The micropipeline is a powerful yet simple design approach allowing the implementation of extremely efficient asynchronous circuits. In this blog, we will review the underlying concepts of micropipelines. In future columns, we will deploy them in real FPGAs.
Editor’s Note: This article first appeared on All Programmable Planet, which was a thriving community website devoted to all things programmable. Sadly, the site is no longer with us, but many friendships forged there will last for years to come.
Ivan Sutherland introduced the term “micropipeline” in a 1988 Turing Award Lecture. Sutherland is widely regarded as the father of computer graphics. During his prolific career, he has received a plethora of honors and prizes. For the past few years, he has devoted himself to developing VLSI processing architectures, with a special emphasis on asynchronous logic. Since stepping down as fellow and vice president at Sun Microsystems, he has been leading the research at Portland State University’s Asynchronous Research Center.

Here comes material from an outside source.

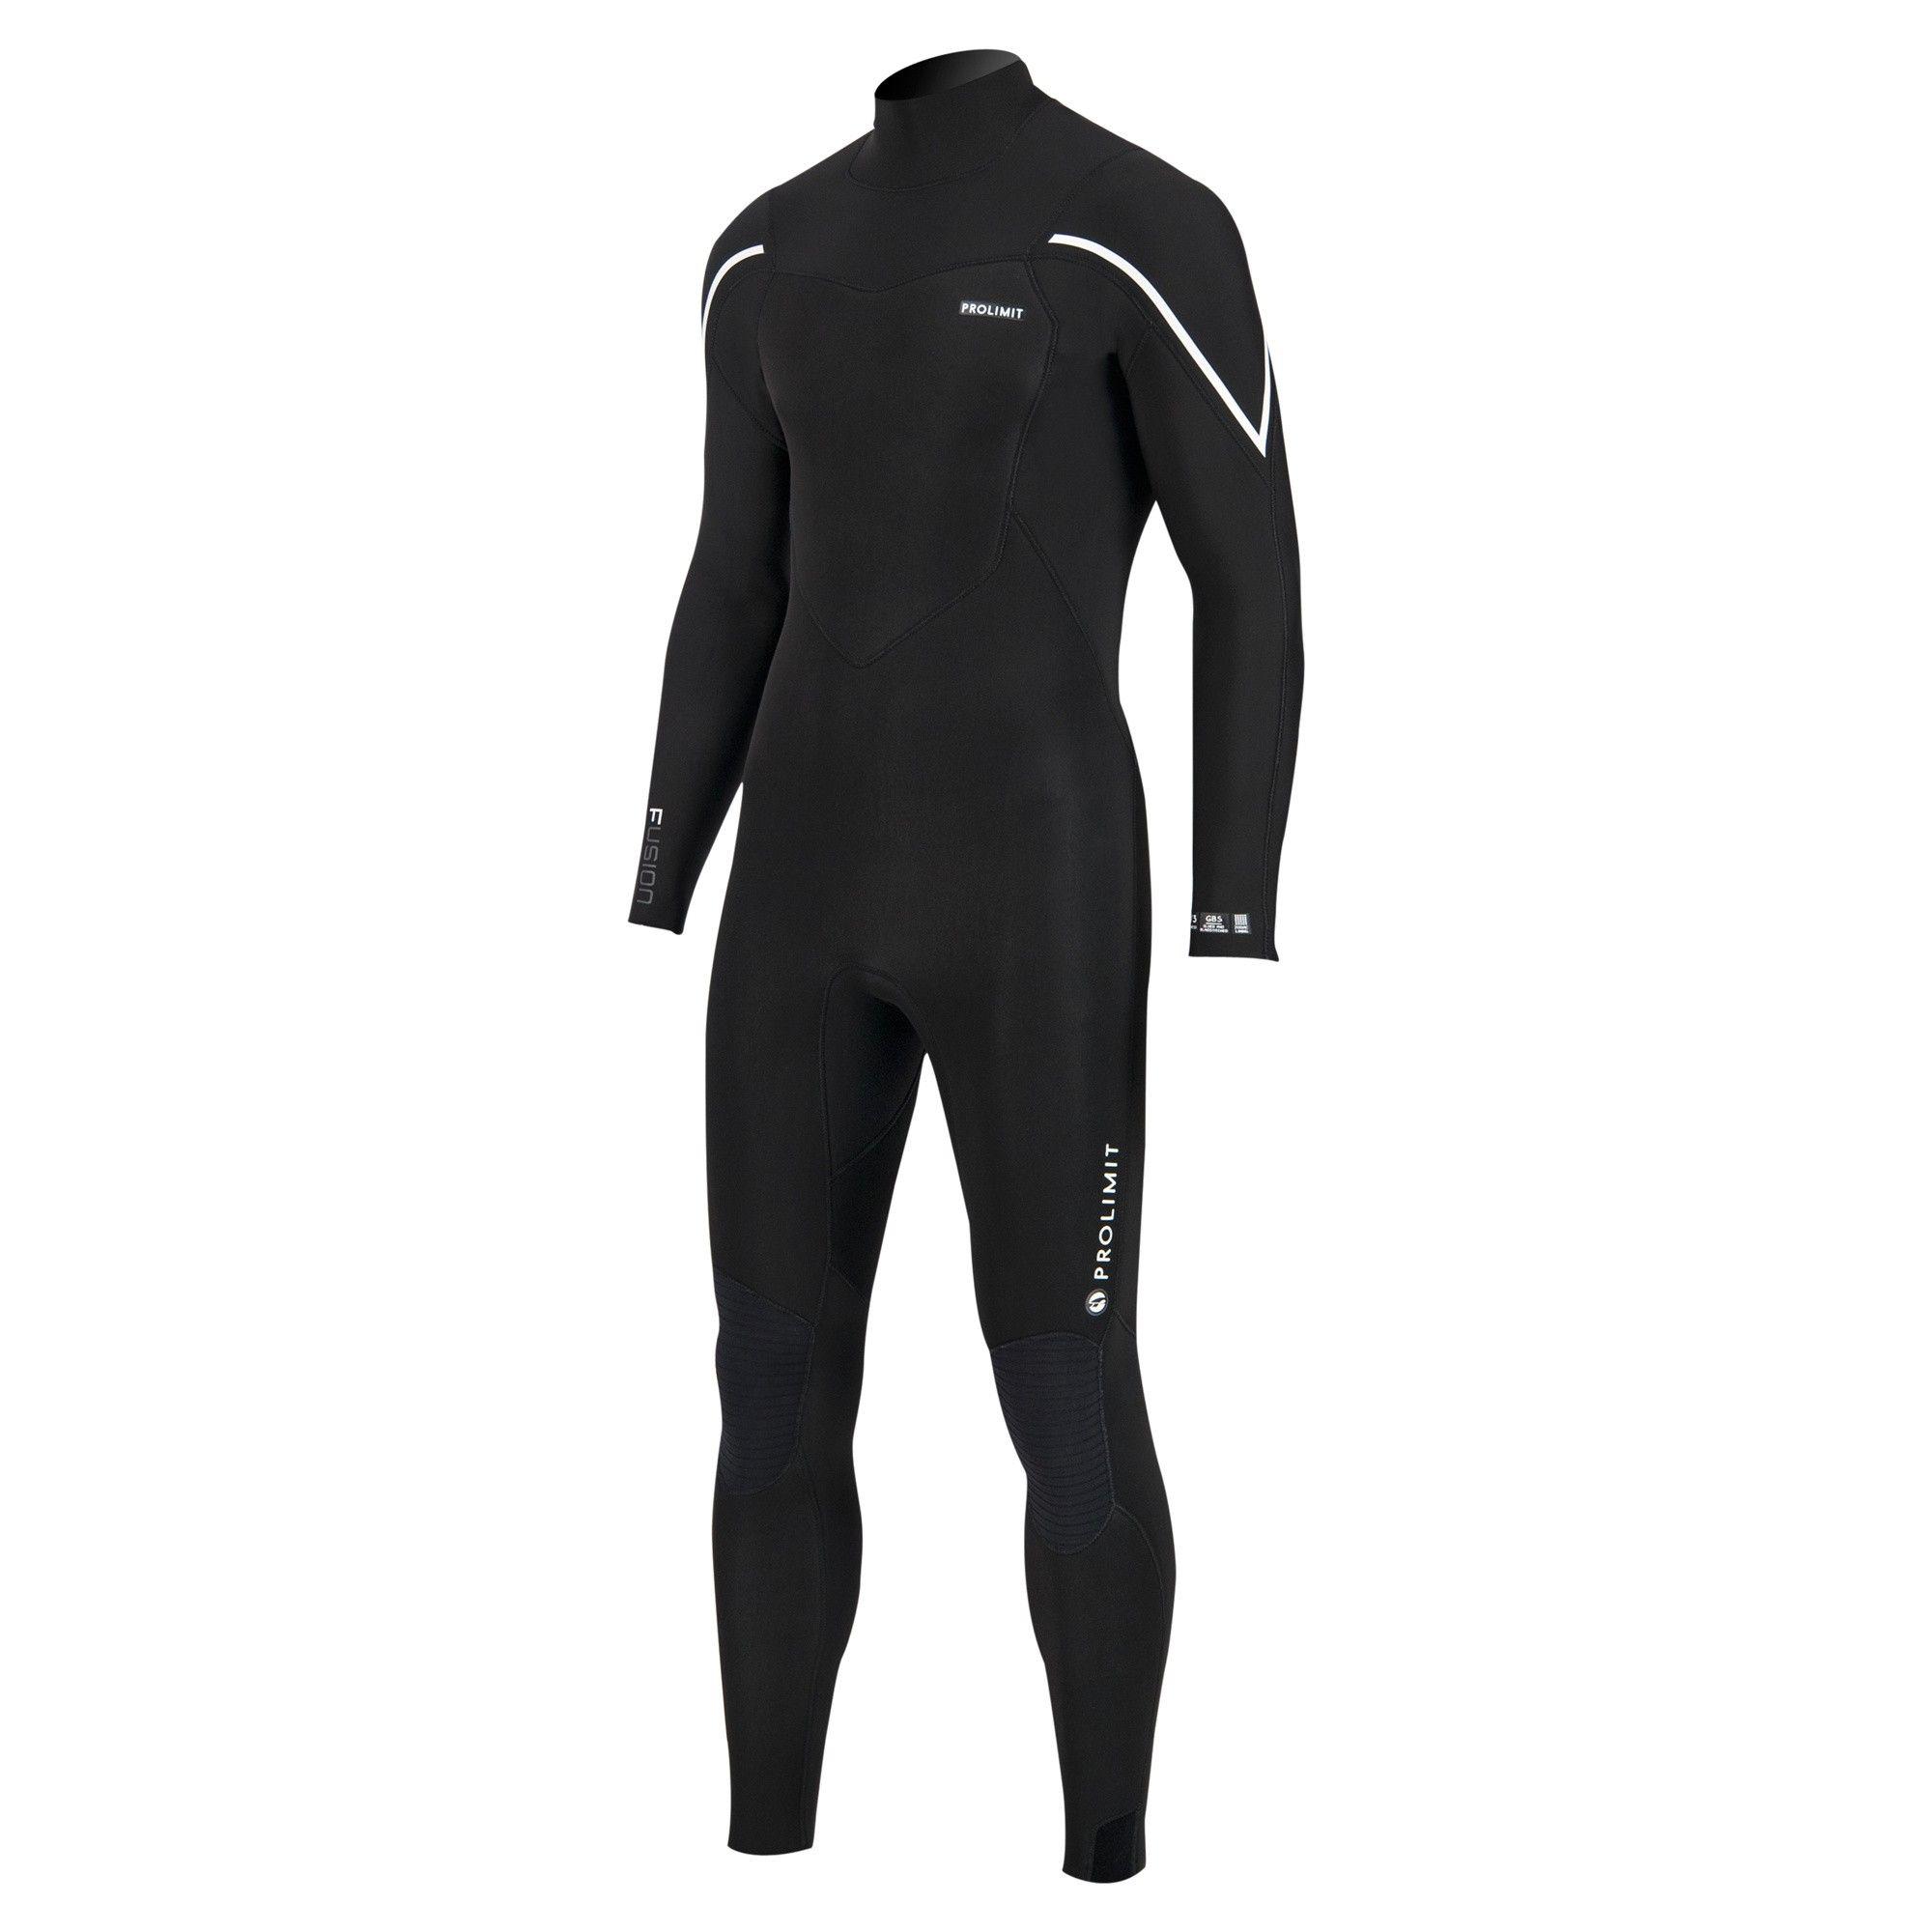 Prolimit Fusion wetsuit 5/3 back zipp

Before we delve deeper into the micropipeline concept, let’s set the scene with some useful definitions. This will let us classify any pipeline structure, including micropipelines.
- Clock discipline: Pipelines can be clocked or event-driven, depending on whether their parts respond to a widely distributed clock or act independently when local events permit. That’s why we can call them synchronous or asynchronous, respectively.

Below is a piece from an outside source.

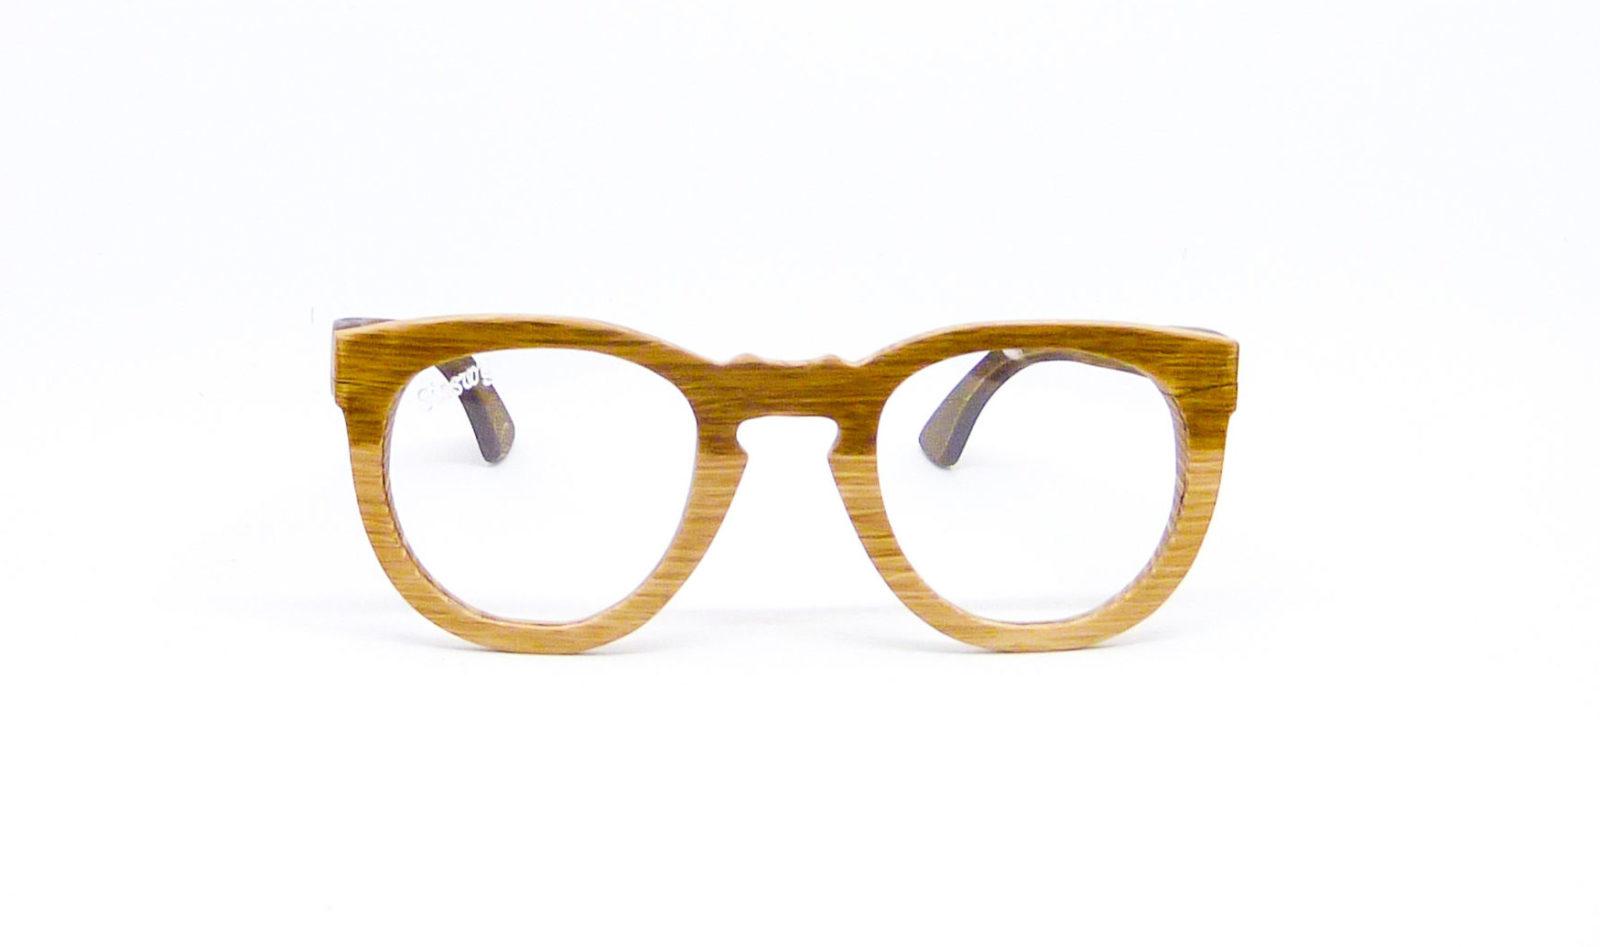 lunettes wavre bois belgique soleil polarisées tendance femmes UV400 mode

- Data load: Some pipelines are inelastic, because the amount of data in them is fixed. In the case of inelastic pipelines, the input and output data rate must be the same. Other pipelines are elastic; the amount of data in them may vary. The input and output rates of an elastic pipeline may vary and differ momentarily due to internal buffering.
Once we understand these definitions, we can define a micropipeline as a very simple form of event-driven, elastic pipeline — with or without internal processing. As Sutherland said in his lecture: “The micro part of this name seems appropriate to me because micropipelines contain very simple circuitry, because micropipelines are useful in very short lengths, and because micropipelines are suitable for layout in microelectronic form.”
Depending on whether micropipelines include internal processing or not, they can be used in different roles throughout a hardware system. Without internal processing, the micropipeline becomes an elastic FIFO and can be used to connect unaligned clock domains or to build buffers in packet processing applications. With internal processing, micropipelines may be used to build general pipelined processing architectures, such as whole asynchronous RISC processors, complex memory interfaces, or DSP engines.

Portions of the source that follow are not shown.